Besprechung vom 19.08.2020
Bleichmittel auf die Brustspitzen
Wie sehen japanische Frauen ihr Liebesleben? Mieko Kawakamis "Brüste und Eier" steht symptomatisch für eine ganze Reihe von Romanen, die darüber ungeschminkt Auskunft geben. Und damit ein Gesellschaftsporträt des Landes zeichnen. Nun erscheint das Buch auf Deutsch.
Alles ist schon äußerlich auf Erfolg gebürstet: Derber als mit "Brüste und Eier" kann ein als Roman ausgewiesenes Werk kaum betitelt werden. Im Kontrast dazu bedient das Cover in Hellblau, gerahmt von Kirschblüten und Schmetterlingen, ergänzt durch die Geste einer keusch ihre Brust bedeckenden jungen ostasiatischen Frau, konventionelle Erwartungen an eine japanische Autorin. Das Ganze wird verkaufsfördernd ergänzt durch ein Lob des männlichen Kollegen Haruki Murakami. "Brüste und Eier" basiert auf einer gleichnamigen, 2008 preisgekrönten Erzählung von Mieko Kawakami, die sich damit in die Riege der prominenten und neuerdings auch international sichtbaren japanischen Schriftstellerinnen hochgeschrieben hat.
Worum geht es? Natsuko, die dreißigjährige Ich-Erzählerin mit schriftstellerischen Ambitionen, bewohnt ein winziges Apartment in Tokio und erhält Besuch von ihrer älteren Schwester Makiko sowie deren zwölfjähriger Tochter. Makiko schlägt sich in einer heruntergekommenen Gegend von Osaka als Bardame durch und hat sich eine Brustvergrößerung in den Kopf gesetzt - in der Hoffnung, damit die nachwachsende Konkurrenz auf Distanz zu halten. Nach intensivem Studium der Prospekte von Schönheitskliniken in der Hauptstadt steht nun eine direkte Beratung an, auch wenn unklar bleibt, wie sie die für ihre Verhältnisse astronomischen Kosten stemmen will.
Nicht nur die Schwester, auch ihre Tochter Midoriko sieht das Unterfangen insgeheim skeptisch. Doch schon lange redet die nicht mehr mit der Mutter, und was in ihr vorgeht, erfahren wir nur aus in den Text eingestreuten tagebuchartigen Notizen. Midoriko findet es "voll eklig", dass ihr, wenn sie demnächst ihre Tage bekommt, "jahrzehntelang jeden Monat Blut zwischen den Beinen herausfließt". Alles, was auf Weiblichkeit und Sexualität hindeutet, ist ihr zuwider, zudem schreckt sie der Gedanke, selbst Mutter zu werden. Auch ihre Tante Natsuko kann sich ein Leben mit einem Mann schlichtweg nicht vorstellen und bezeichnet sich selbst als asexuell. Immerhin verfolgt sie im zweiten Teil des Buches, der acht Jahre später, im Sommer 2016, einsetzt, eine eigene obsessive Idee: Sie will ein Kind ohne Mann großziehen. Und das weiterhin ohne festes Einkommen.
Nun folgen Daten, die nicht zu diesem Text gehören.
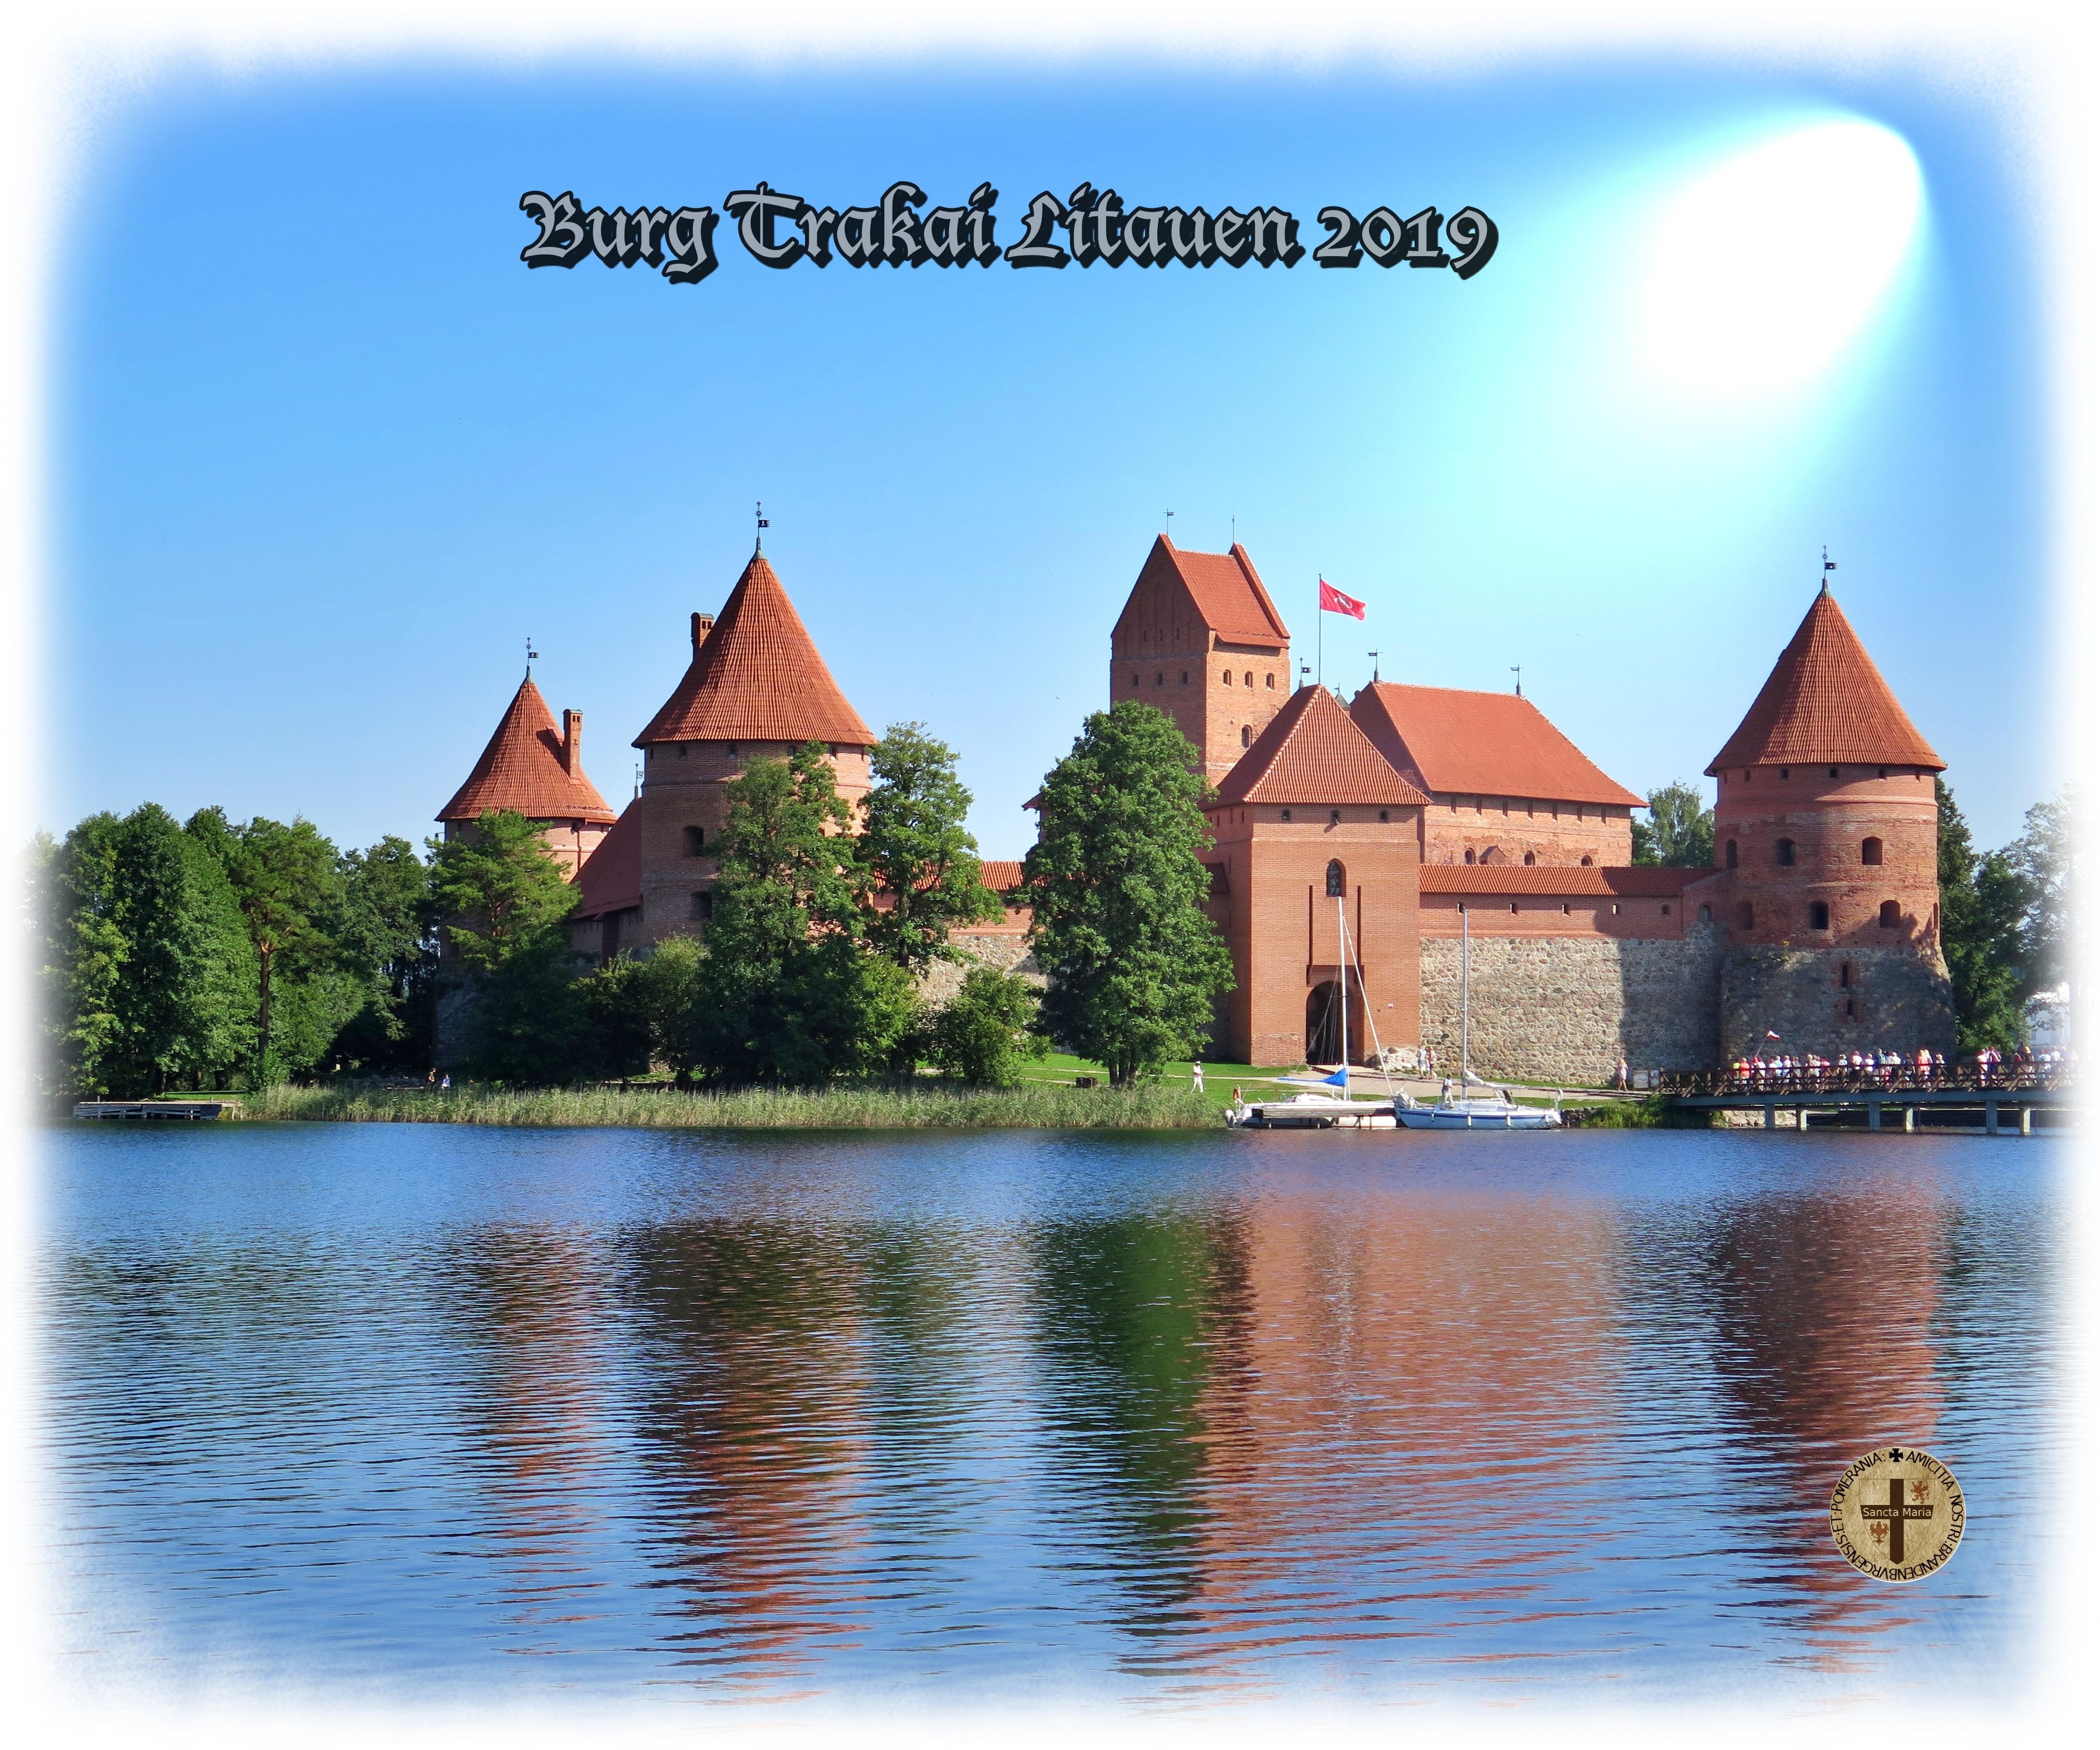 Burg Trakai- Berg der Kreuze Litauen
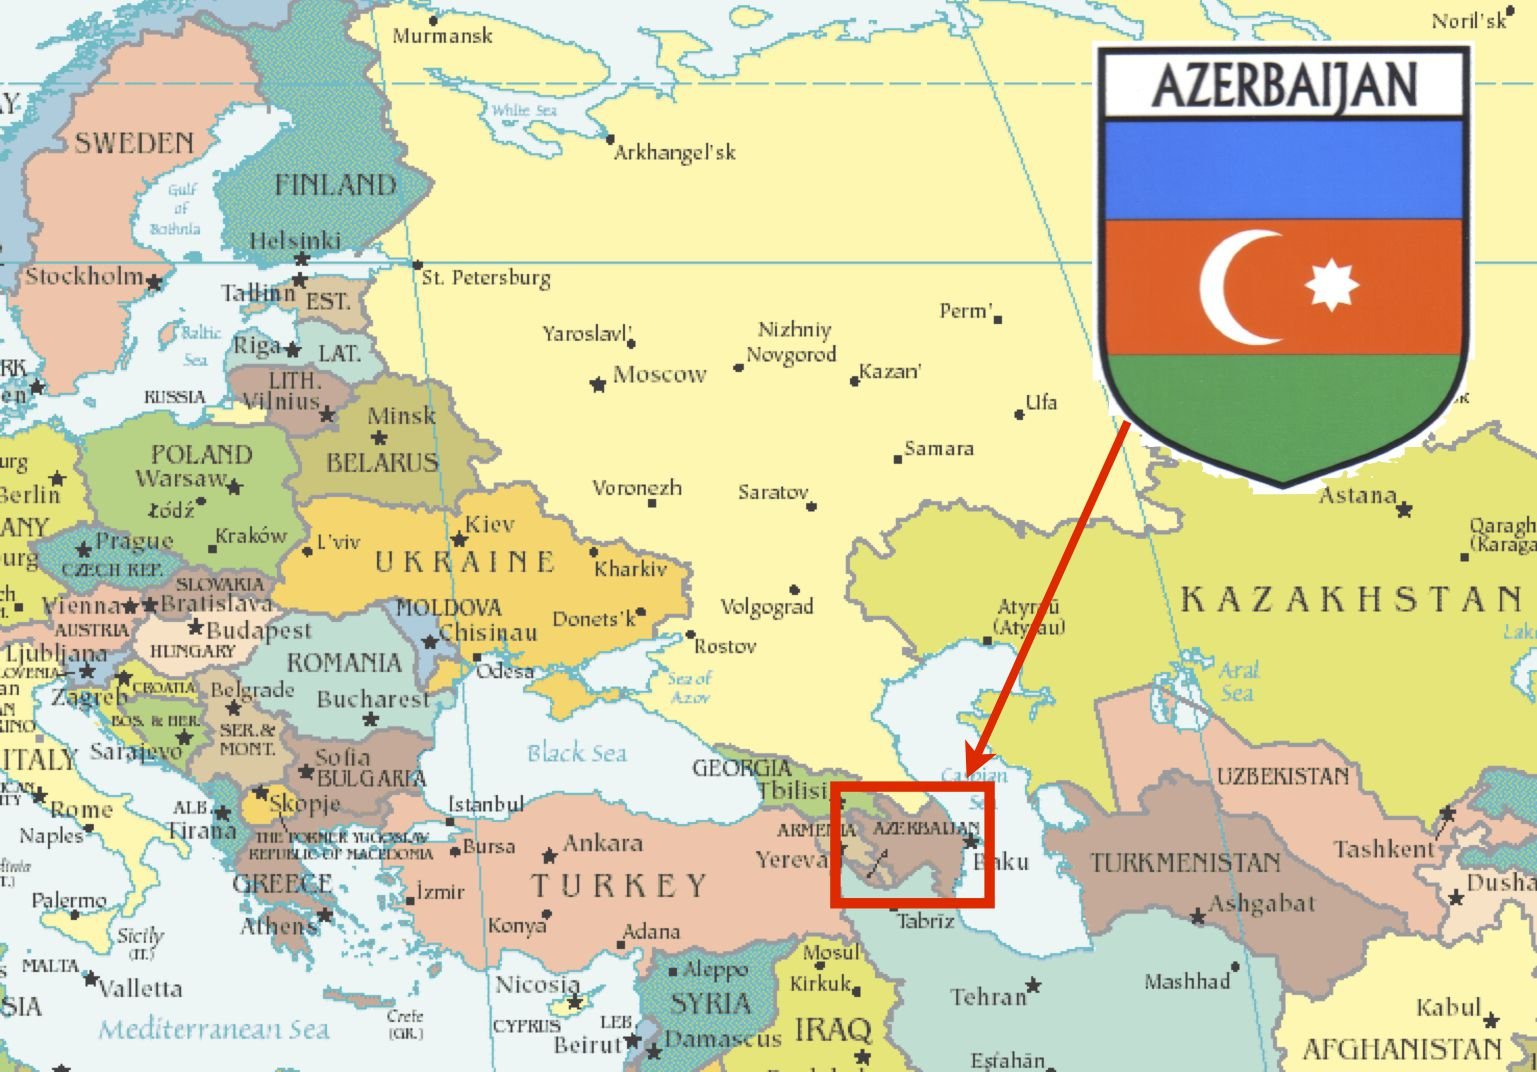 معلومات عن اذربيجان وحدودها الدولية وتاريخها المرسال

Was treibt diese Frauen zu ihren einsamen und kaum begründeten Beschlüssen, die sie womöglich nur noch weiter ins gesellschaftliche Abseits führen? Hier zeichnet sich ein einigermaßen düsteres Bild von Weiblichkeit in Japan ab. Und es ist keinesfalls aus der Luft gegriffen. In einer Gesellschaft, die nach wie vor stark von Geschlechterseparierung bestimmt ist, klaffen die Lebenswelten von Männern und Frauen stärker auseinander als in anderen fortgeschrittenen Industriegesellschaften. Wo Firmen ihren weiblichen Angestellten zur Uniform gleich auch noch die Absatzhöhe ihrer Schuhe vorschreiben und Frauen auf dem Arbeitsmarkt, ungeachtet aller offiziellen Gleichstellungsgebote, von vornherein die schlechteren Karten haben, ist es um weibliche Selbstverwirklichung nicht gut bestellt. Doch ungeachtet der einigermaßen trostlos erscheinenden Verhältnisse sind die Frauen in diesem Roman nicht etwa depressiv oder wehleidig, sie klagen nicht an. Vielmehr scheinen sie nach dem Motto zu handeln: Uns hilft eh keiner, also müssen wir uns selbst helfen. So verfolgen sie hartnäckig ihre dann doch wieder nicht so ausgefallenen Ziele.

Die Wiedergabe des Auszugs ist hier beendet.